"İçtihat Metni"
MAHKEMESİ : Lüleburgaz İcra Hukuk Mahkemesi
TARİHİ : 13/03/2008
NUMARASI : 2008/15-2008/47
Taraflar arasındaki “şikayet” davasından dolayı yapılan yargılama sonunda; Lüleburgaz İcra Hukuk Mahkemesince şikayetin kabulüne dair verilen 04.07.2007 gün ve 2007/190-179 sayılı kararın incelenmesi davalı vekili tarafından istenilmesi üzerine, Yargıtay 12.Hukuk Dairesinin 19.11.2007 gün ve 2007/18744-21484 sayılı ilamı ile; (...Alacaklı N.. M..vekili tarafından borçlular S.. M..ve İ..Y..haklarında kambiyo senetlerine mahsus haciz yoluyla icra takibine geçilmiştir. Borçlulara gönderilen örnek 163 numaralı ödeme emrinin 09.12.2004 tarihinde S..M..’in (bizzat kendisine) tebliğ edildiği ve adı geçenin 06.12.2004 tarihinde İcra Müdürlüğüne başvurarak mal beyanında bulunduğu tespit edilmiştir. Bu dilekçede borçlu, kendi adını (F..M..) olarak yazmış ve takip talebi ve ödeme emrinde yer alan S.. M..’in kendisi olmadığı biçiminde şikâyette bulunmadan ve hakkındaki takibi benimseyerek bu takipte haczedilen mallar yönünden satışın durdurulmasını istemiştir.

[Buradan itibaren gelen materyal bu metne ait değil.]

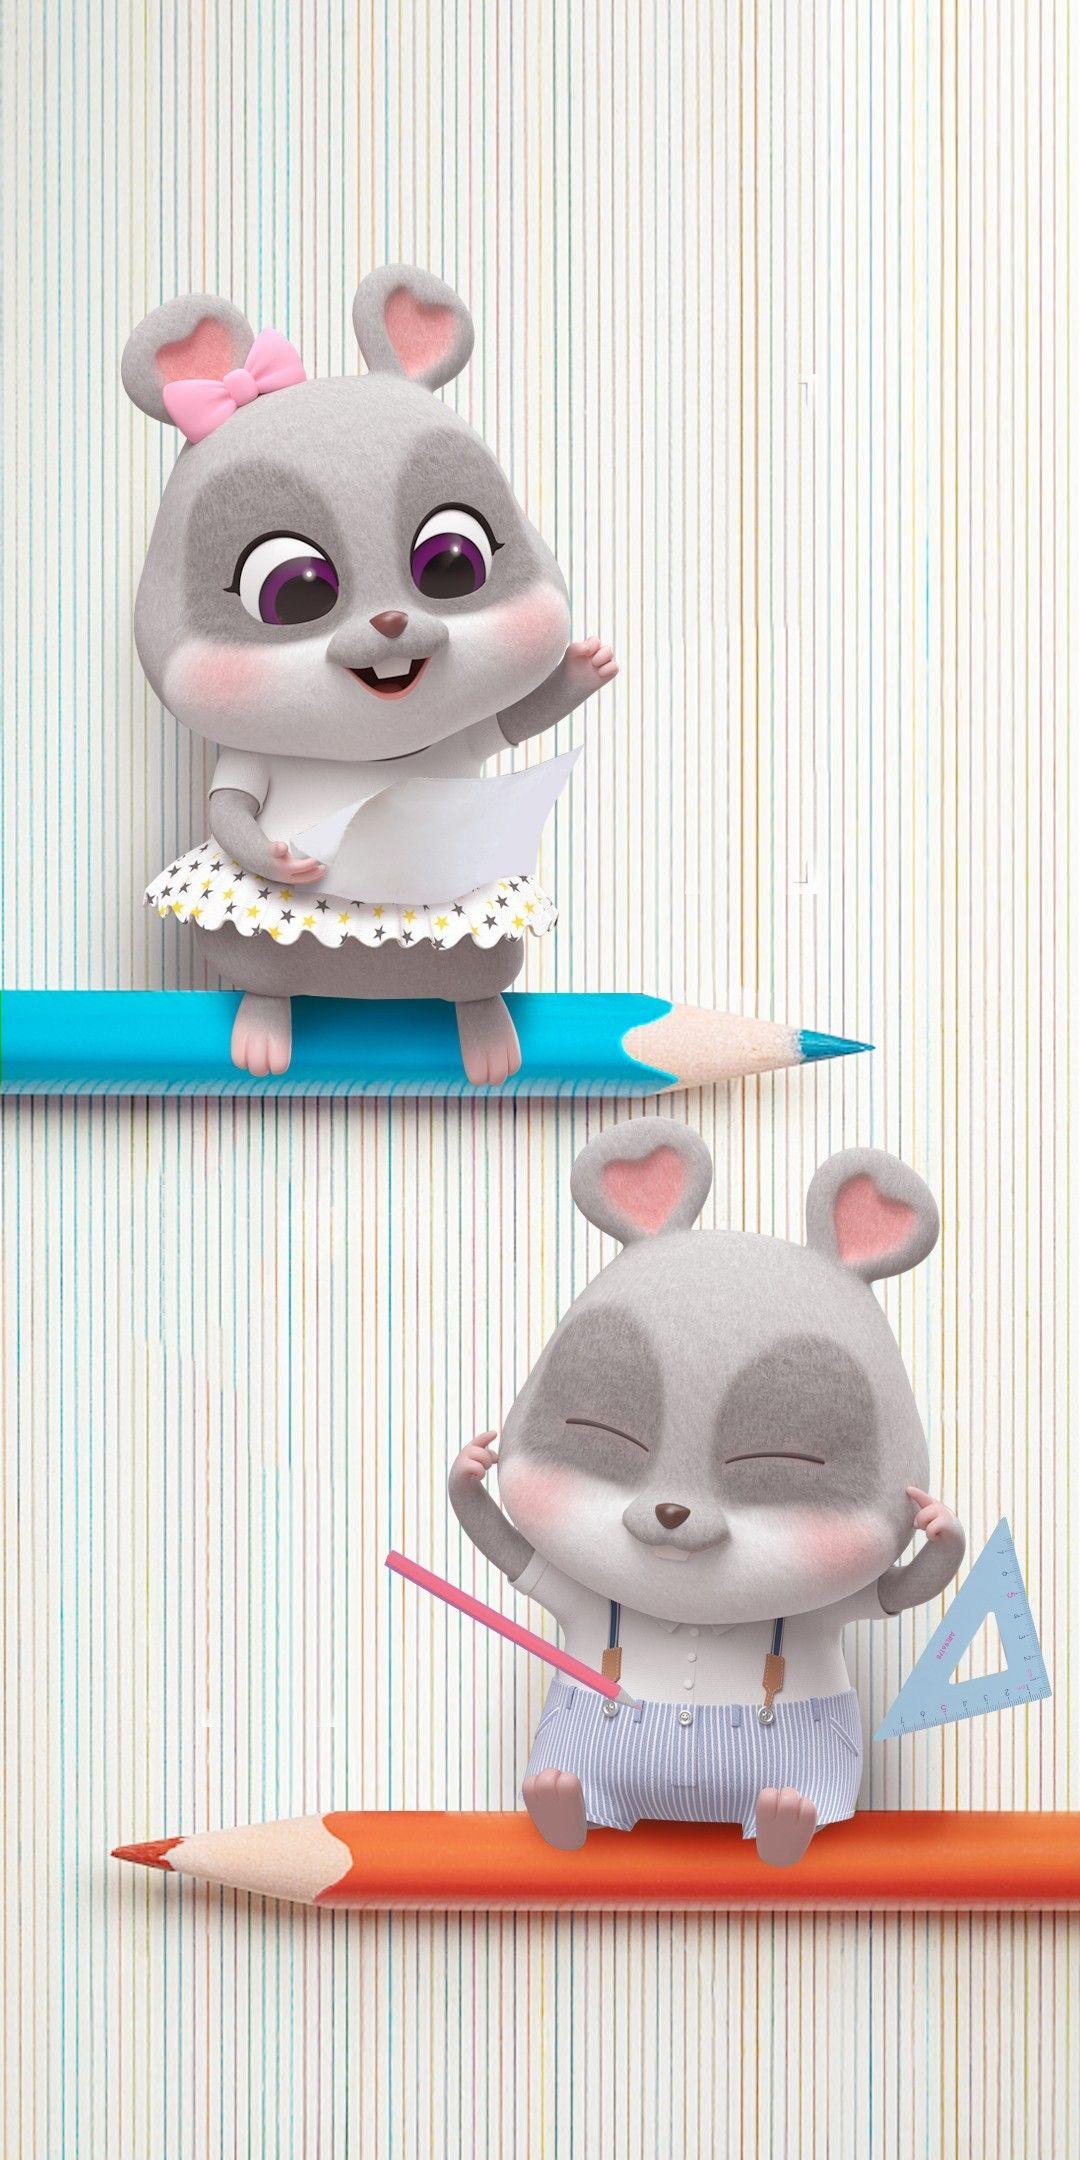 Mice Cute Disney Wallpaper Cute Emoji Wallpaper Cute Couple Wallpaper

Borçlunun gerek mal beyanı dilekçesinde, gerekse İcra Mahkemesine verdiği 04.07.2007 tarihli dava dilekçesinde S..M..’in kendisi olmadığı ve farklı kişi hakkında takip yapıldığı yönünde bir şikâyeti yoktur. Bu durumda alacaklı vekilinin 17.1.2005 tarihinde icra dosyasında talep açarak F.. M..yerine borçlunun adının sehven S..M.. şeklinde yazıldığı yönündeki beyanının kabulü gerekir. Anılan maddi hatanın her zaman düzeltilmesi mümkündür. Aksinin kabulü haczin kaldırılması ve diğer alacaklıların öne geçmesi… v.s. gibi hak kaybına neden olur.
O halde, Mahkemece işin esası incelenerek satışın durdurulması istemi hakkında olumlu olumsuz bir karar verilmemesi isabetsizdir...) gerekçesiyle bozularak dosya yerine geri çevrilmekle, yeniden yapılan yargılama sonunda, mahkemece önceki kararda direnilmiştir.
TEMYİZ EDEN : Davalı vekili
HUKUK GENEL KURULU KARARI
Hukuk Genel Kurulunca incelenerek direnme kararının süresinde temyiz edildiği anlaşıldıktan ve dosyadaki kağıtlar okunduktan sonra gereği görüşüldü:
Tarafların karşılıklı iddia ve savunmalarına, dosyadaki tutanak ve kanıtlara, bozma kararında açıklanan gerektirici nedenlere göre, Hukuk Genel Kurulu’nca da benimsenen Özel Daire bozma kararına uyulmak gerekirken, önceki kararda direnilmesi usul ve yasaya aykırıdır. Bu nedenle direnme kararı bozulmalıdır.
S O N U Ç : Davalı vekilinin temyiz itirazlarının kabulü ile, direnme kararının Özel Daire bozma kararında gösterilen nedenlerden dolayı H.U.M.K.nun 429.maddesi gereğince BOZULMASINA, istek halinde temyiz peşin harcının geri verilmesine 28.05.2008 gününde, oybirliği ile karar verildi.